> [TASK ITEM] Leave the pictures behind and reproduce every line of the listing exactly.

> [PROVIDED DATA]
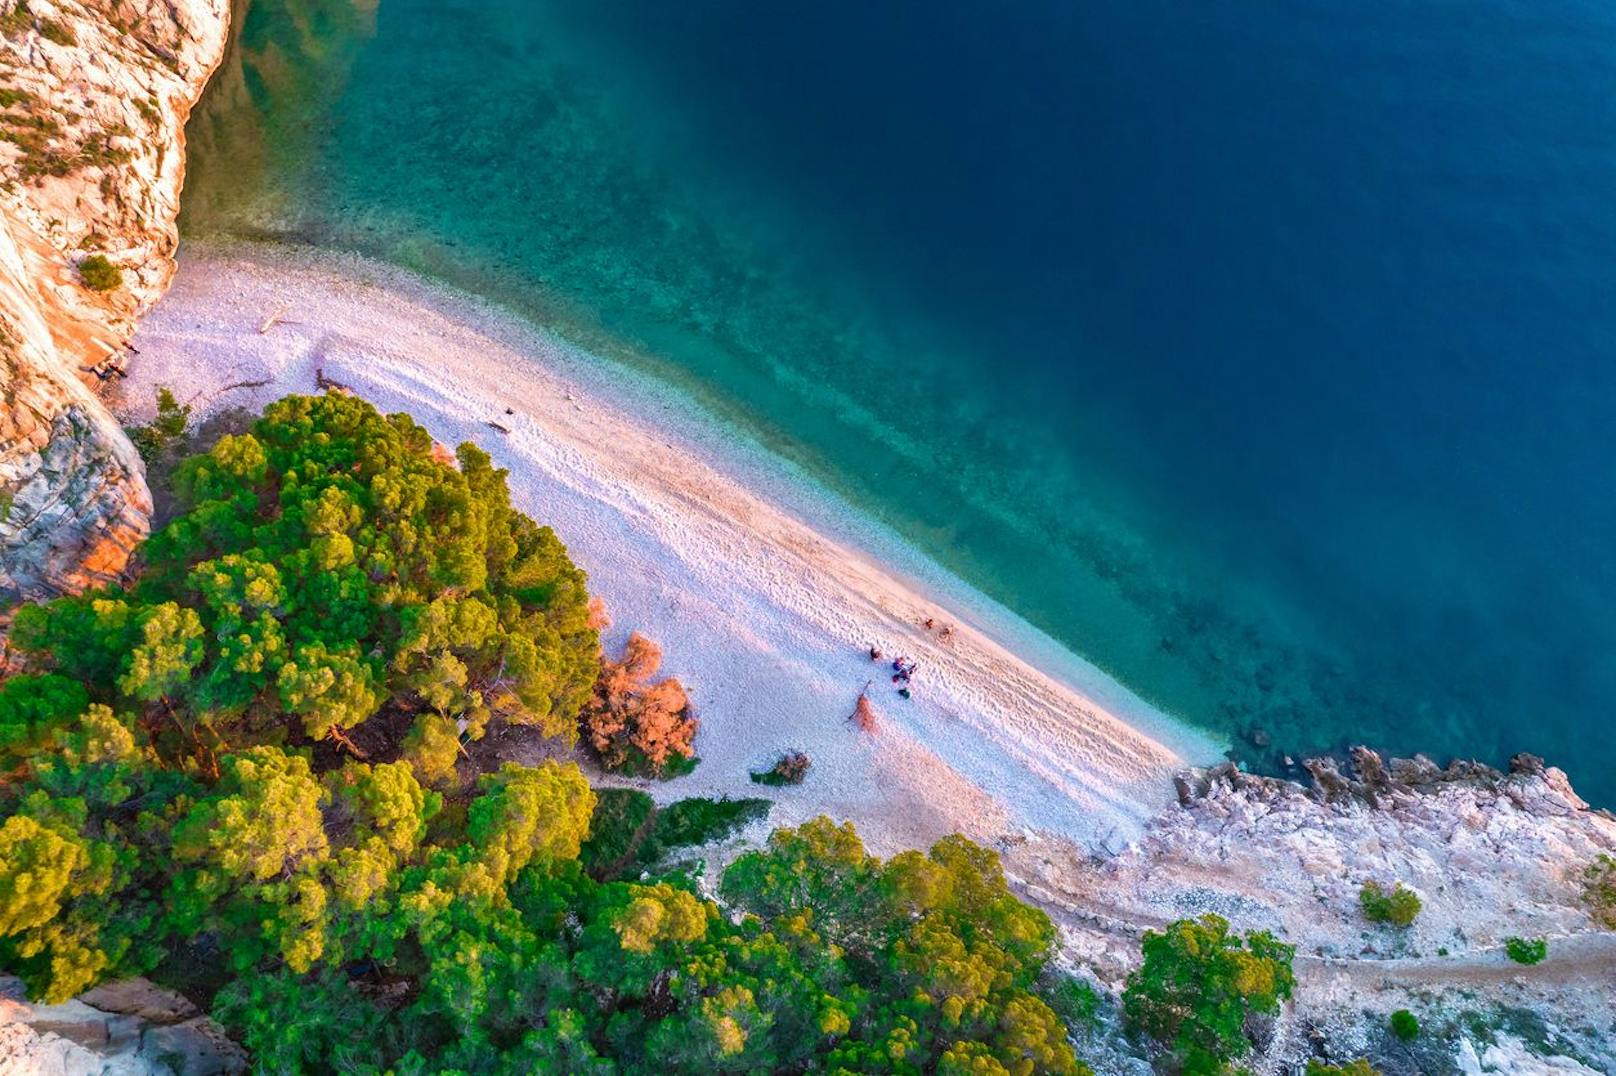 <strong>Nugal Beach nahe Makarska, Kroatien:</strong> Versteckt und ziemlich abgelegen liegt der Nugal Beach, in der Nähe der kroatischen Stadt Makarska – gerade richtig für einen FKK-Badeort. Der weiße, feine Kieselstrand schmiegt sich entlang einer felsigen Küste neben einem Waldgebiet und liegt direkt vor der blau glitzernden Adria. Die versteckte Bucht erreichst du am besten nach einem halbstündigen Spaziergang durch den Waldpark Osejava. Alternativ reist du per Boot zum Traumstrand. Wichtig zu wissen: Eine Strandbar suchst du hier vergeblich.&nbsp;
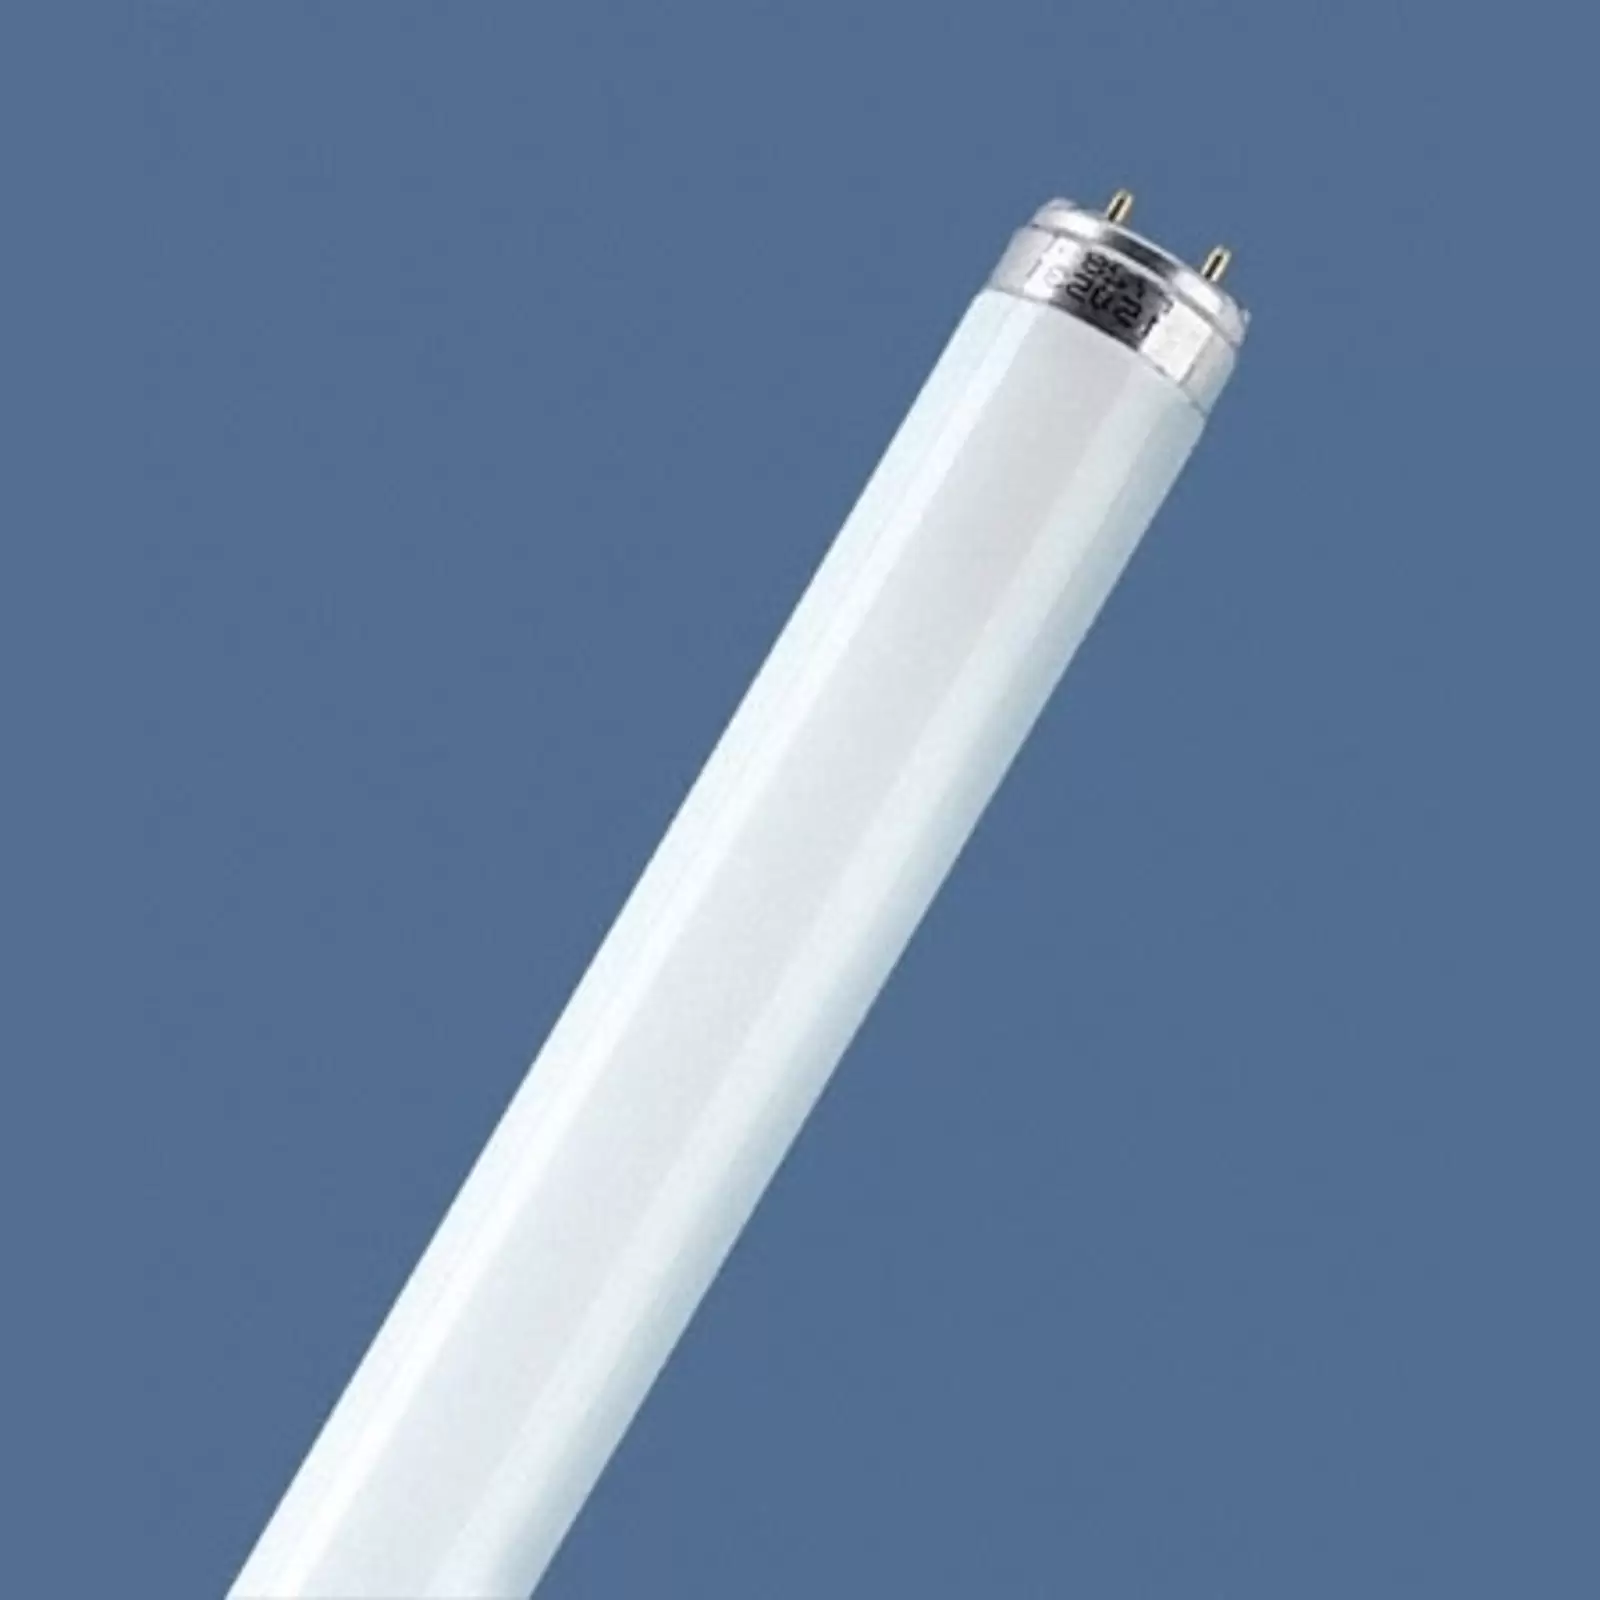 Fluoreszkáló cső G13 T8 16W 840 Lumilux
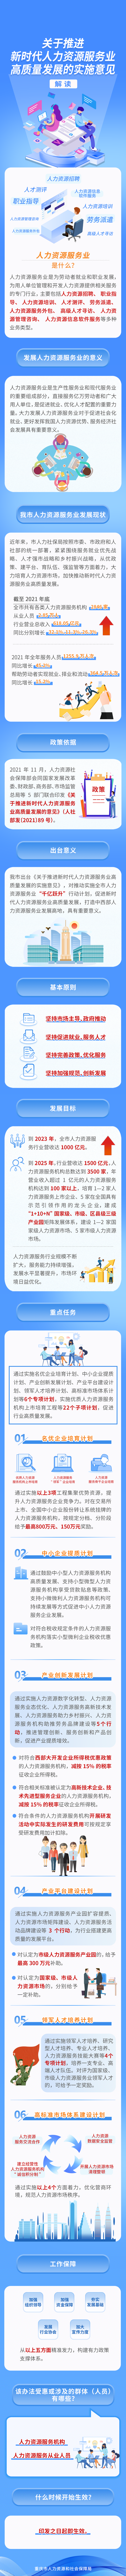 重庆推进新时代人力资源服务业高质量发展有这些任务。重庆市人力社保局 供图

> [TASK OUTPUT]
 <strong>Nugal Beach nahe Makarska, Kroatien:</strong> Versteckt und ziemlich abgelegen liegt der Nugal Beach, in der Nähe der kroatischen Stadt Makarska – gerade richtig für einen FKK-Badeort. Der weiße, feine Kieselstrand schmiegt sich entlang einer felsigen Küste neben einem Waldgebiet und liegt direkt vor der blau glitzernden Adria. Die versteckte Bucht erreichst du am besten nach einem halbstündigen Spaziergang durch den Waldpark Osejava. Alternativ reist du per Boot zum Traumstrand. Wichtig zu wissen: Eine Strandbar suchst du hier vergeblich.&nbsp;
 Fluoreszkáló cső G13 T8 16W 840 Lumilux
 重庆推进新时代人力资源服务业高质量发展有这些任务。重庆市人力社保局 供图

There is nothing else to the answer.